По договоренности с директором лицея мы попросили директора Берлиоза нас принять. Этот врач был одним из сотрудников лаборатории изотопов, руководимой доктором Туберозом. Через десять минут к нам вышел еще не старый человек в белом халате. У него были тонкие черты лица, серые глаза, продолговатое лицо с волевым выражением.

— Так это вы три мушкетера, о которых меня предупредил г-н Дювивье? — строго спросил он.

Мы встали, и он поздоровался с каждым за руку.
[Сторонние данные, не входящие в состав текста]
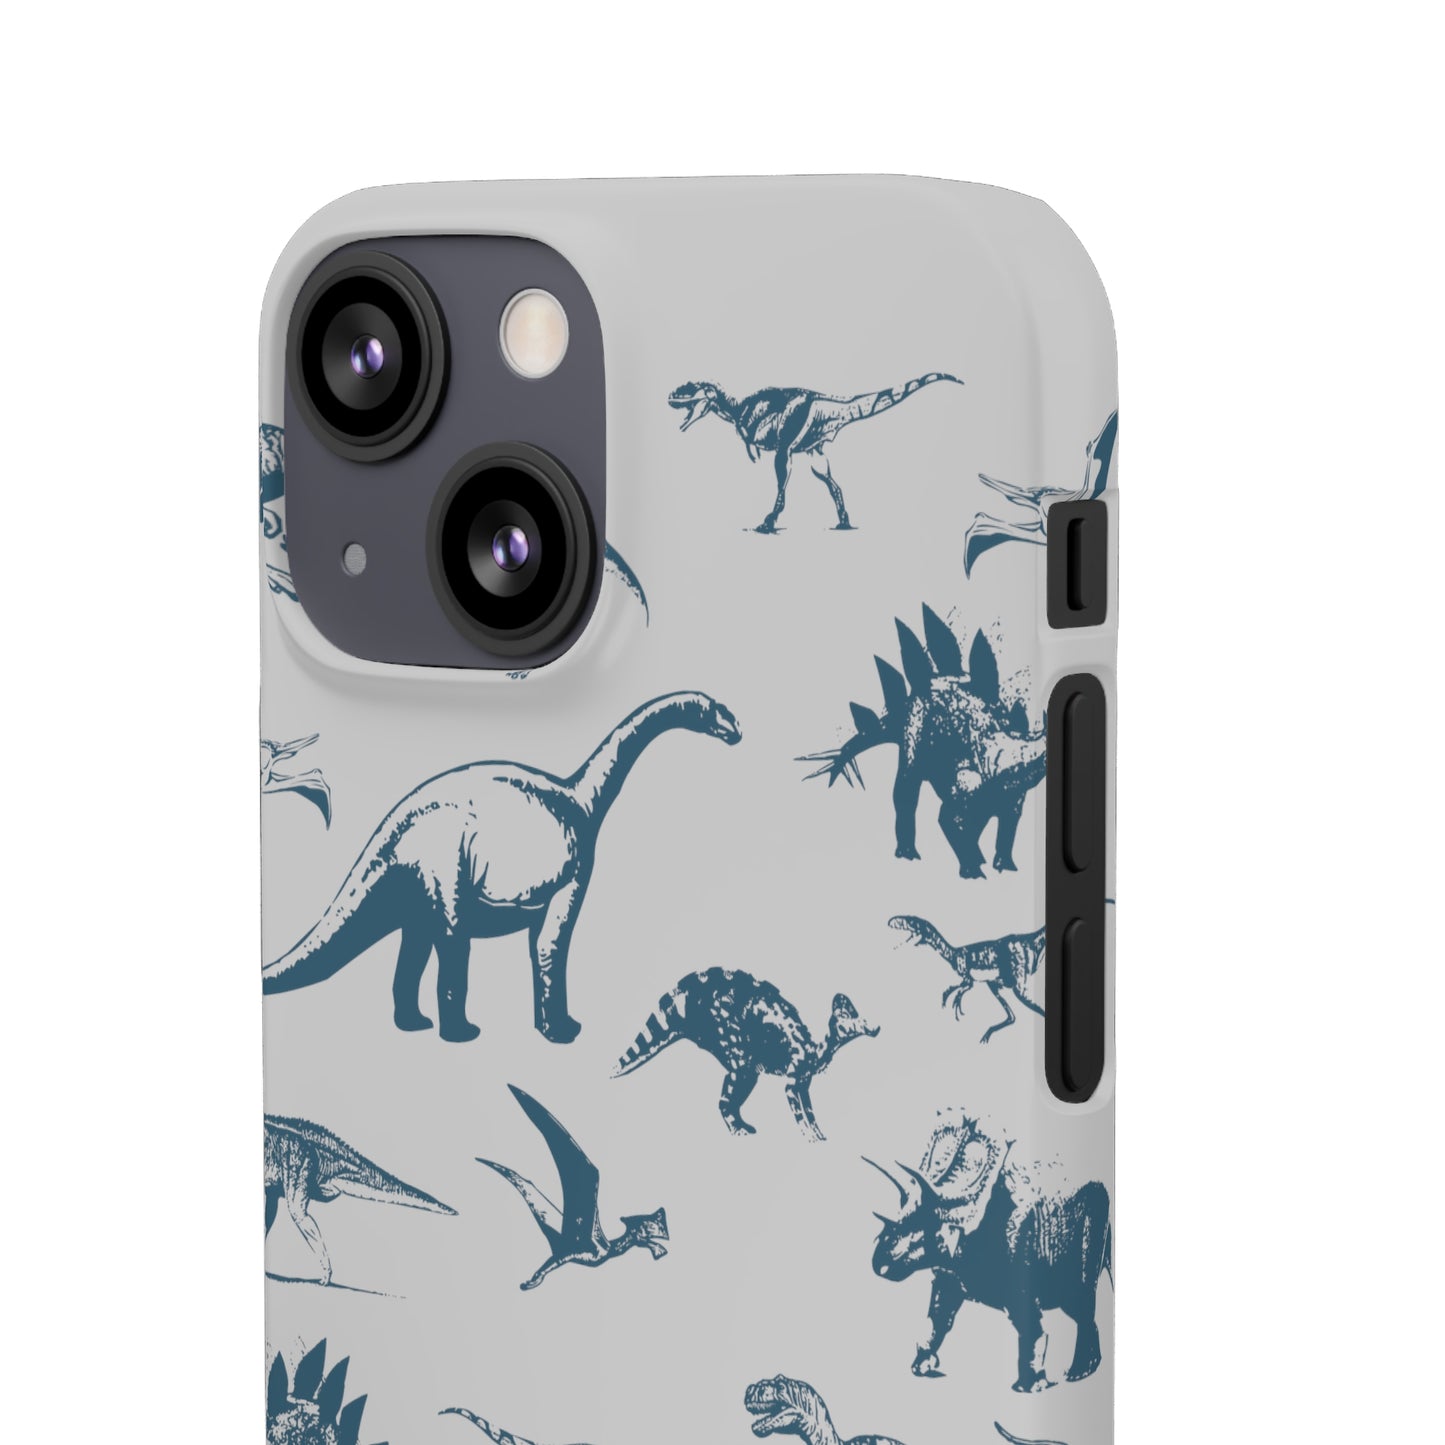 Dinosaur Snap Cases

— Я тоже когда-то учился в лицее Генриха IV, — сказал он мечтательно. — Хорошие были времена. О плохих забываешь, не правда ли? Вы сын г-жи Перийе? — не колеблясь, обратился он к Сорвиголове. — Не беспокойтесь, она поправится. Идите за мной, мы ее навестим.

Он шел впереди нас по коридору, который также был выкрашен в бледно-голубой цвет. По настоянию г-на Дювивье или, может быть, исходя из особых условий лечения, г-жу Перийе поместили в одну из отдельных небольших комнат, расположенных в глубине здания. Г-н Берлиоз постучал в дверь и открыл ее. Мишель помедлил мгновение и, забыв о нашем присутствии, бросился к матери, начал ее целовать. Голова его потонула в подушках больной. Г-жа Перийе, бледное лицо которой контрастировало с черными волосами южанки, не смогла сдержать волнения. Было ли ей известно о краже и бегстве ее сына? Не знаю. Еле сдерживая слезы, она шептала Мишелю ласковые слова.
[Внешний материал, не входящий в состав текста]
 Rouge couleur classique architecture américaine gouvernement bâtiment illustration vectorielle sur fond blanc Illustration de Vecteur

— Пойдем, — тихо сказал нам доктор Берлиоз. — Оставим их одних. Показать вам лабораторию изотопов?

На это я и надеяться не смел. Тихонько притворив дверь, доктор Берлиоз повел нас. На первом повороте коридора я был поражен стрелой с надписью: «Кобальтовая пушка». Эта пушка преследовала мое воображение. Безусловно, она сыграла значительную роль и в болезненном воображении Сорвиголовы: этим, конечно, объясняется то, что он совершил кражу. Я уже собирался попросить объяснения у моего учителя физики г-на Лапрада, с которым мы отправились на квартиру Перийе. Но наше внезапное посещение и письмо директора создали для нас много осложнений помимо счетчика Гейгера, — нужно было найти место, где Сорвиголова спрятал кобальт, поэтому мне не удалось побеседовать с г-ном Лапрадом. Г-н Дювивье вернул ящик с кусочком кобальта в Комиссариат по атомной энергии и позвонил в полицию, где ему сообщили, что следствие будет прекращено. В тот же вечер Сорвиголова вернулся к отцу, и все, казалось, было теперь в порядке. Между тем, чтобы понять эту странную атомную историю, не мешало все же найти основное звено цепи.
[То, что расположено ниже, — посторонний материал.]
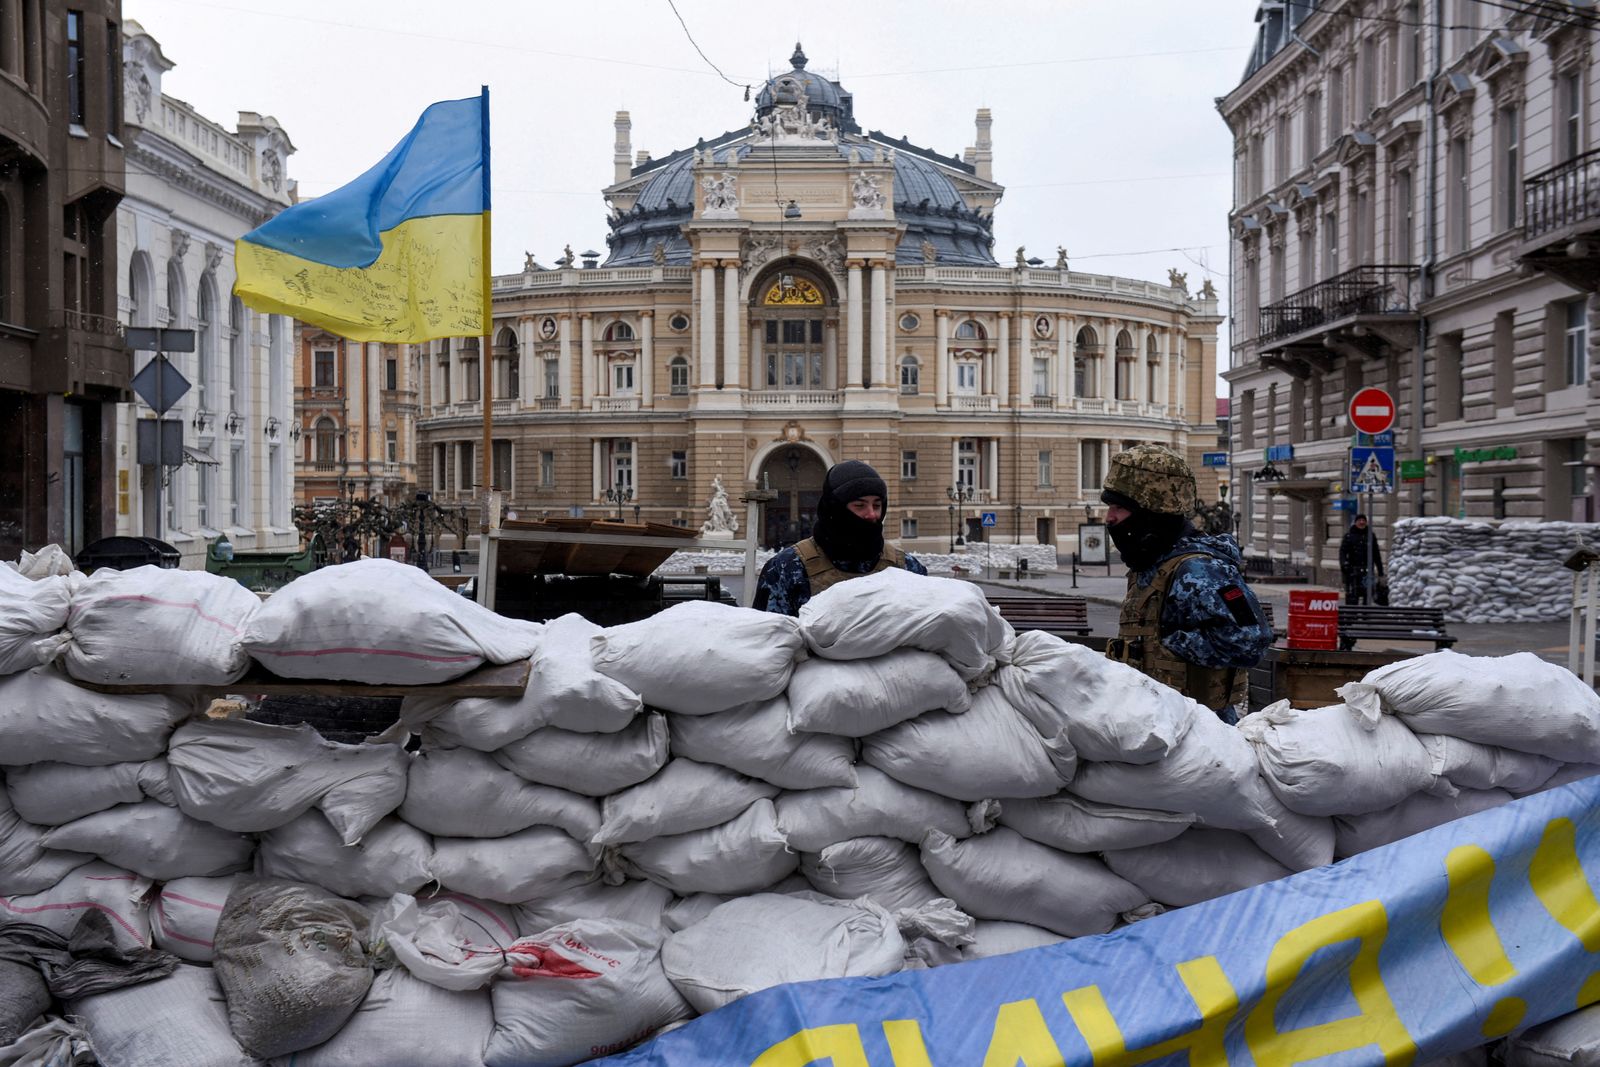 جنود يقفون وراء حاجز مع ظهور مسرح أوديسا للأوبرا وسط غزو روسي لأوكرانيا، أوديسا، أوكرانيا- 10 مارس 2022 - REUTERS

— Скажите мне, г-н доктор, пожалуйста… Кобальтовая пушка…

— Да?

— Это действительно пушка?

— Да нет, — сказал доктор Берлиоз, и на его тонких губах появилось подобие улыбки. — Это название получил один из наших аппаратов, в котором используются гамма-лучи, испускаемые радиоактивным кобальтом, для лечения рака.

— Но почему она так названа?

— О, может быть, потому, что аппарат несколько напоминает пушку своей формой. Но мы уже пришли. Сами увидите…

Мы вошли в зал, где рентгеновский аппарат с потолка свешивался над постелью, куда кладут больного.

— Здесь, — сказал доктор Берлиоз, — определяют наличие опухоли посредством скрещенных, я бы сказал, рентгеновских аппаратов. Специалисты-рентгенологи рисуют на кальке место, куда направлены лучи, чтобы с максимальным эффектом воздействовать на опухоль. Затем лечащий врач определяет дозу и количество сеансов облучения.

К нам приблизился техник-африканец, прекрасное черное лицо которого превосходно сочеталось с белым халатом.

— Можно взглянуть на кобальтовую пушку? — спросил доктор Берлиоз.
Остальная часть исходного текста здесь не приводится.